There was a short, uncomfortable pause as they looked at us, and then at the camera around my neck. They were clearly expecting us to ask for a picture with them, or to start clicking away without their permission. All at once I felt sorry for them. I could tell Shauna did too. They were, after all, just two people trying to have a quiet day in the Cotswold’s together like we were (I can’t imagine what it must be like to be recognized and approached every time I went out). Moreover, there were suddenly enough people on the street that a couple pictures might have turned into a bit of a scene.

I think I said something very clever like “uh...hey guys" as we pushed past them, and then down the lane. I don’t think they said anything in reply. And so ended our perfectly awkward Cotswold’s celebrity encounter.



Yeah, people used to be much smaller...

From the church we found our way back to the center of town and strolled up Arlington Row, the single most photographed scene in the Cotswold’s. Maybe all of Britain (outside of London and Stonehenge).



Arlington Row



Arlington row was built sometime in the 1380’s as a place to store wool, but converted into weavers cottages sometime in the 1700’s.

I find it very difficult to explain to people how perfect, how idyllic these little towns and villages are. Every angle of every dwelling seems to be expressly designed for maximum aesthetic value. Truly, every fallen leaf and every blade of grass appears to have been individually placed by god, or elves, or disney imagaineers.







We wandered the paths and trails that surround Bibury for another hour or so, finally taking a late lunch at a little diner next to the trout farm. Hoping to avoid the events of the previous night, we hopped back in the car and made for The Brecon Beacons, Southern Wales while the sun was still fairly high above the western horizon. We left Bibury wishing we had a week or more to spend there. Our next trip to the UK will likely be a self guided walking tour of the Cotswolds. I find myself eagerly counting the days.

Friday, July 27, 2007

Shauna was feeling really ambitious today and created a new blog dedicated just to Lucy. She moved all the baby related stuff that had been posted here to http://babygirllucy.blogspot.com/

I think she posted a bunch of new stuff as well.

Feel free to head over that way...

Saturday, May 19, 2007

Stonehenge isn’t the only cool historical landmark in southern England. A quick glance of our AA road atlas revealed dozens of historic houses, churches, castles, roman antiquities and prehistoric sites in Wiltshire and Oxfordshire alone. Places like Woodhenge and Old Sarum, Silbury Hill and Chisbury Chapel. Layer after layer of human history stacked one on top of the other. We didn’t have time to see even a fraction of what was around us. We had to content ourselves with hitting a few noteworthy highlights before moving on.

From Stonehenge we made our way north, towards Marlborough and Swindon. Perfect little English towns like Manningford Bruce, West Stowell and Bishopstone flashed by as we drove. Then, finally, we arrived at the vale of the White Horse.
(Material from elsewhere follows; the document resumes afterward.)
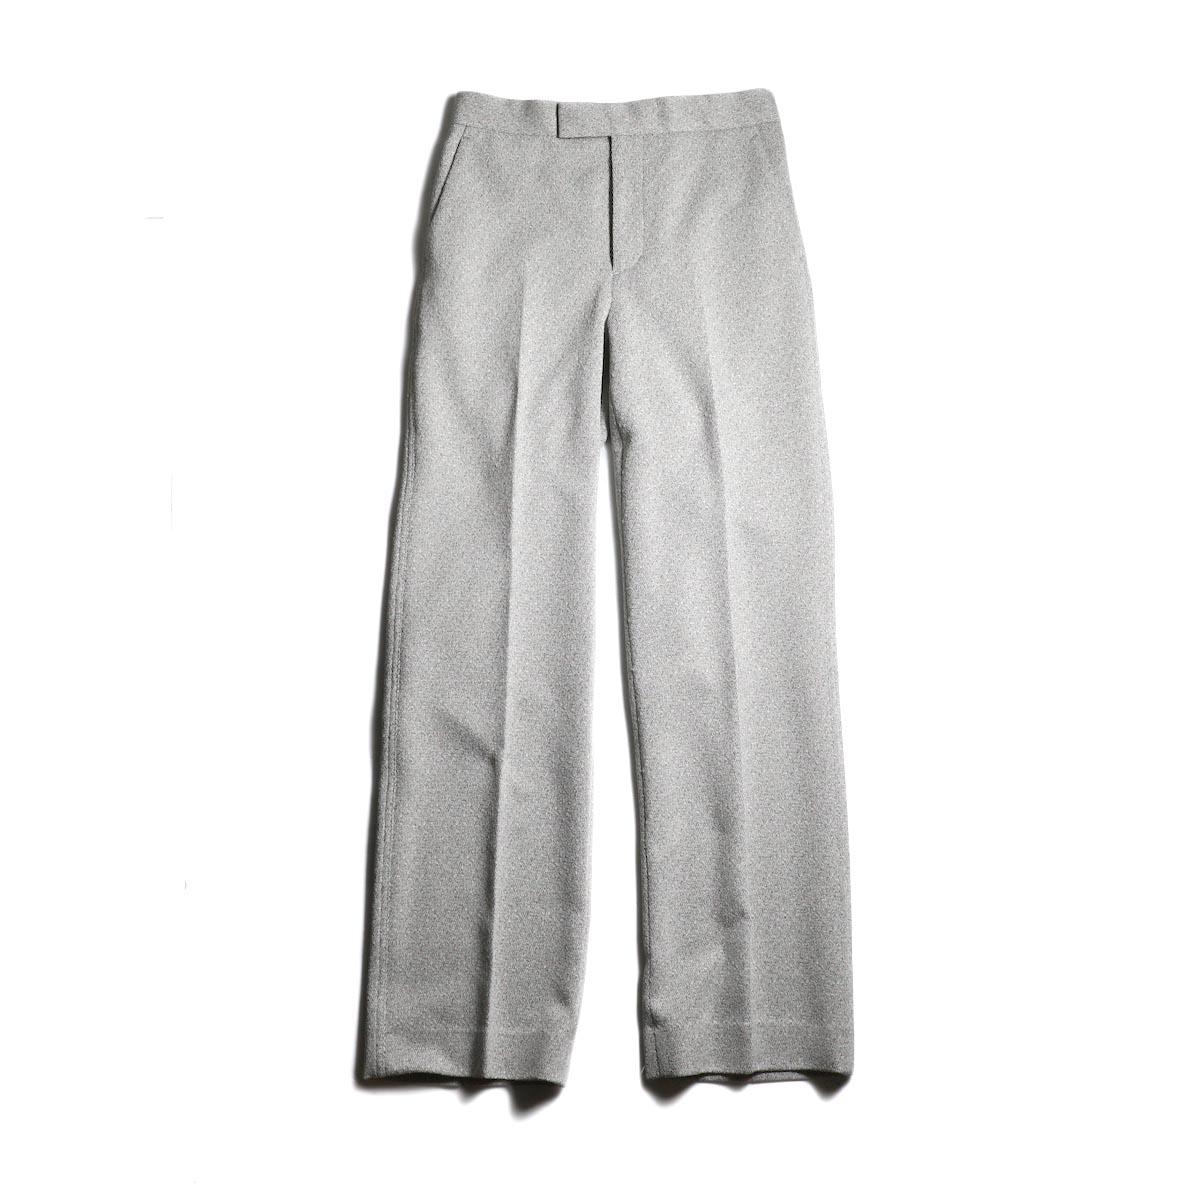 FUMIKA UCHIDA / Poli Tweed Straight Slacks -L.Gray

The White Horse is a huge, highly stylized figure cut into the side of a chalk hill near the village of Uffington, Oxfordshire. Evidence suggests that it was carved sometime between 1400 and 600 BC, during the height of Britain’s Bronze Age. Who commissioned it, and why, remains largely a mystery.


The white Horse of Uffington...Click the image if you want to actually see it.
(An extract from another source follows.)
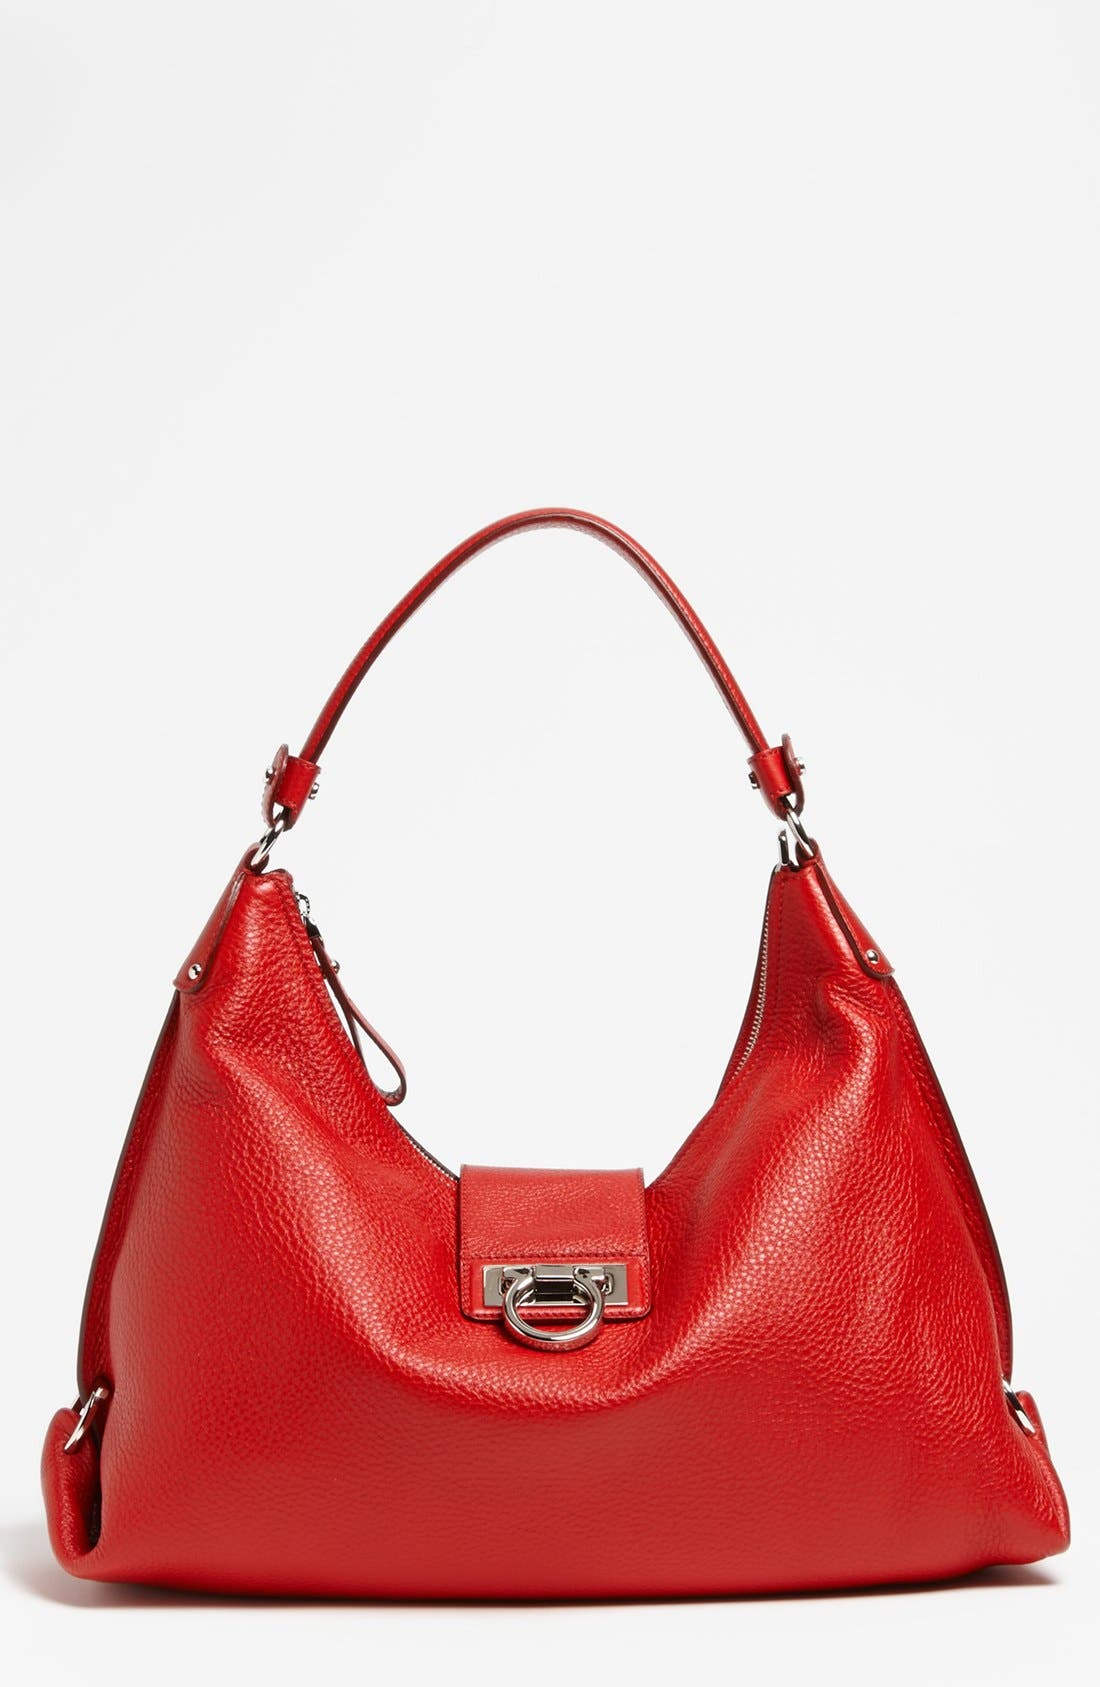 Alternate Image 1 Selected - Salvatore Ferragamo 'New Fanisa' Leather Hobo

Though not as photogenic as Stonehenge, the white horse was impressive. There were fewer people there, and the whole scene was rather more tranquil than Stonehenge had been. To say nothing of the fabulous views to the north. We would have stayed longer, probably hiked to the top of the hill, but the sun suddenly seemed very low on the western horizon and shadows were growing long across the fields below. As the setting sun turned the landscape gold around us, a sinking feeling settled in the pit of my stomach. We had hotel reservations in Stroud, some 30 miles to the northwest…we’d never make it before nightfall.
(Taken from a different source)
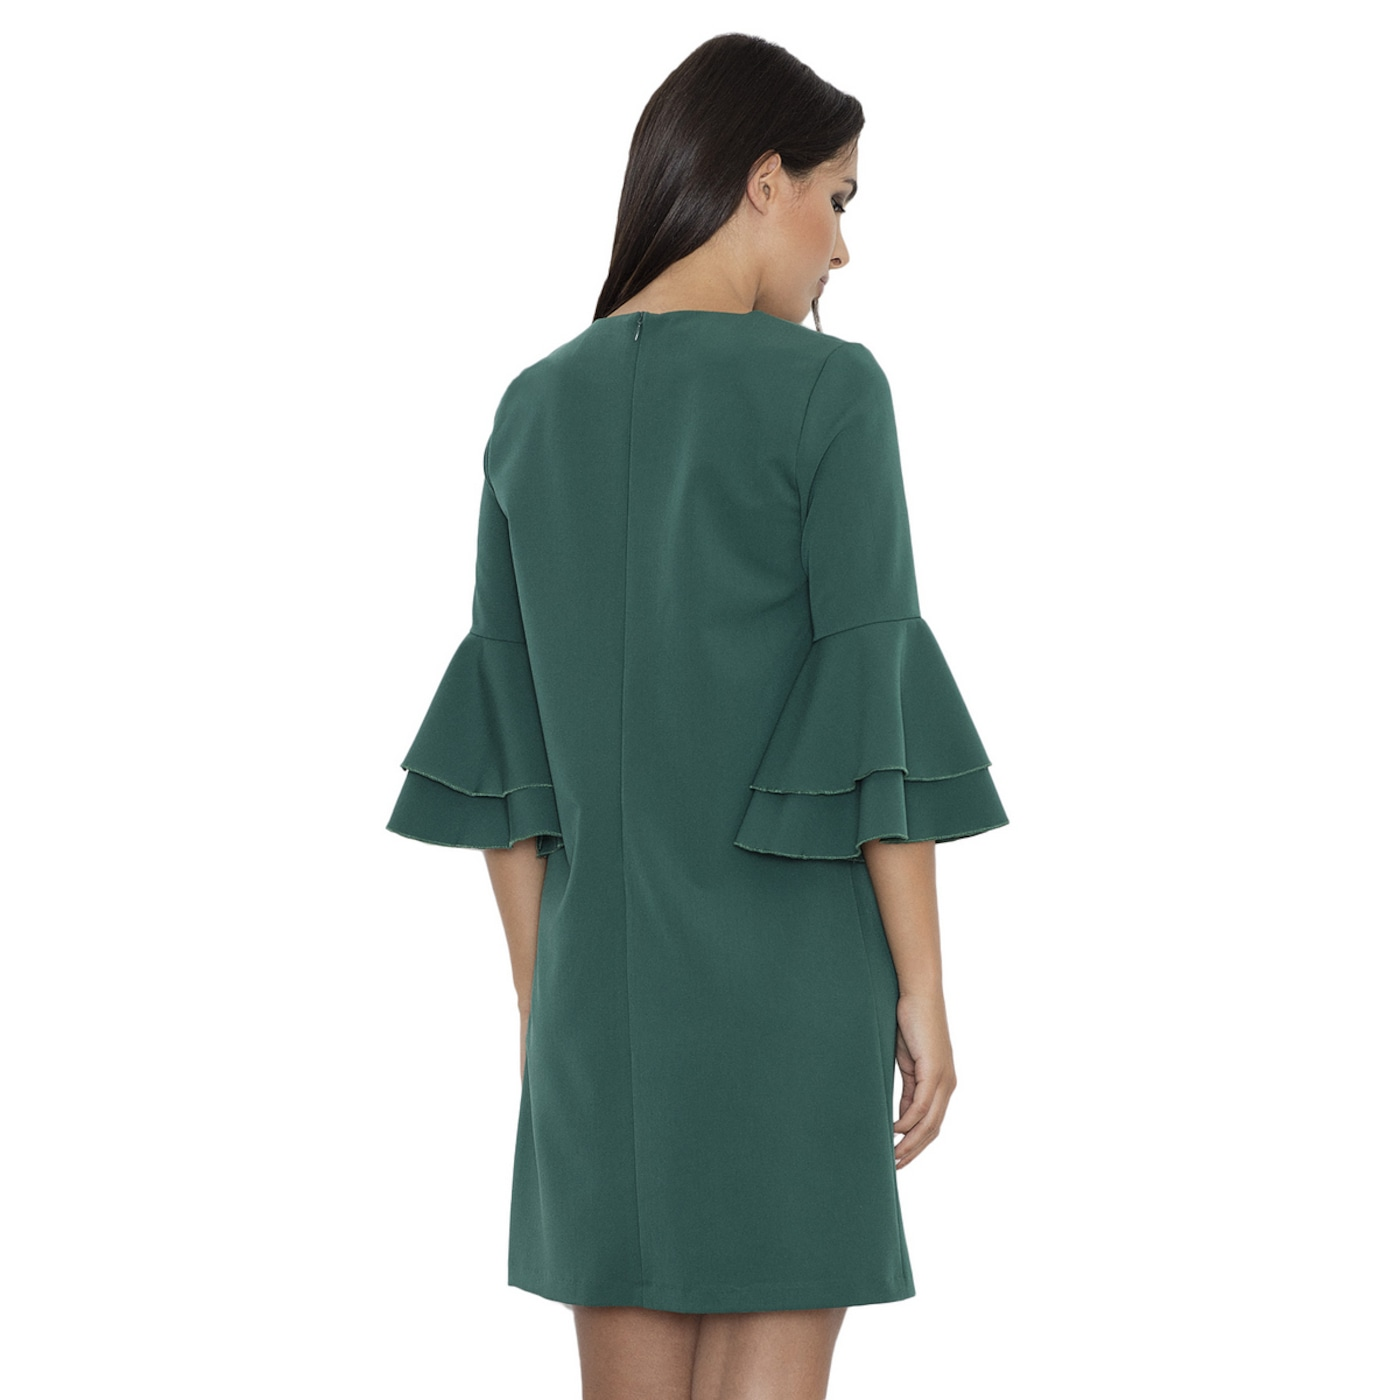 Figl Womans Dress M564 dámské Green M

Back home, a 30 mile night drive through the country would have been little more than an excuse to roll the windows down, turn the radio up, and ease the seat back just a tad. Not in England! The thought of navigating those tiny, twisty rock and tree lined bike paths for roads in the pitch black scared the hell out of me. It was tricky in broad daylight!

We pulled into a little market town called Highworth, just as the last red and purple rays of day were falling on the old stone buildings of Lechlade Road. Instead of pushing ahead into the darkness, we checked into a little inn and pub called the Saracen’s Head Hotel.


The Saracen's Head.

We tried to cancel our reservation in Stroud, but no luck. We ended up paying 200 quid (about 400 dollars) for a bed we never slept in!

We eventually wandered down to the pub, where I savored one of the finest steaks I’ve ever eaten. If ever you find yourself in Highworth, Wiltshire County, England at dinner time...you won't regret checking out The Saracen’s Head Pub!

Wednesday, March 28, 2007



Stonehenge looked like a 15 to 20 mile blast up the A303 from Stourhead on our map, so we hopped in our little street racer and made for it before the afternoon slipped into evening.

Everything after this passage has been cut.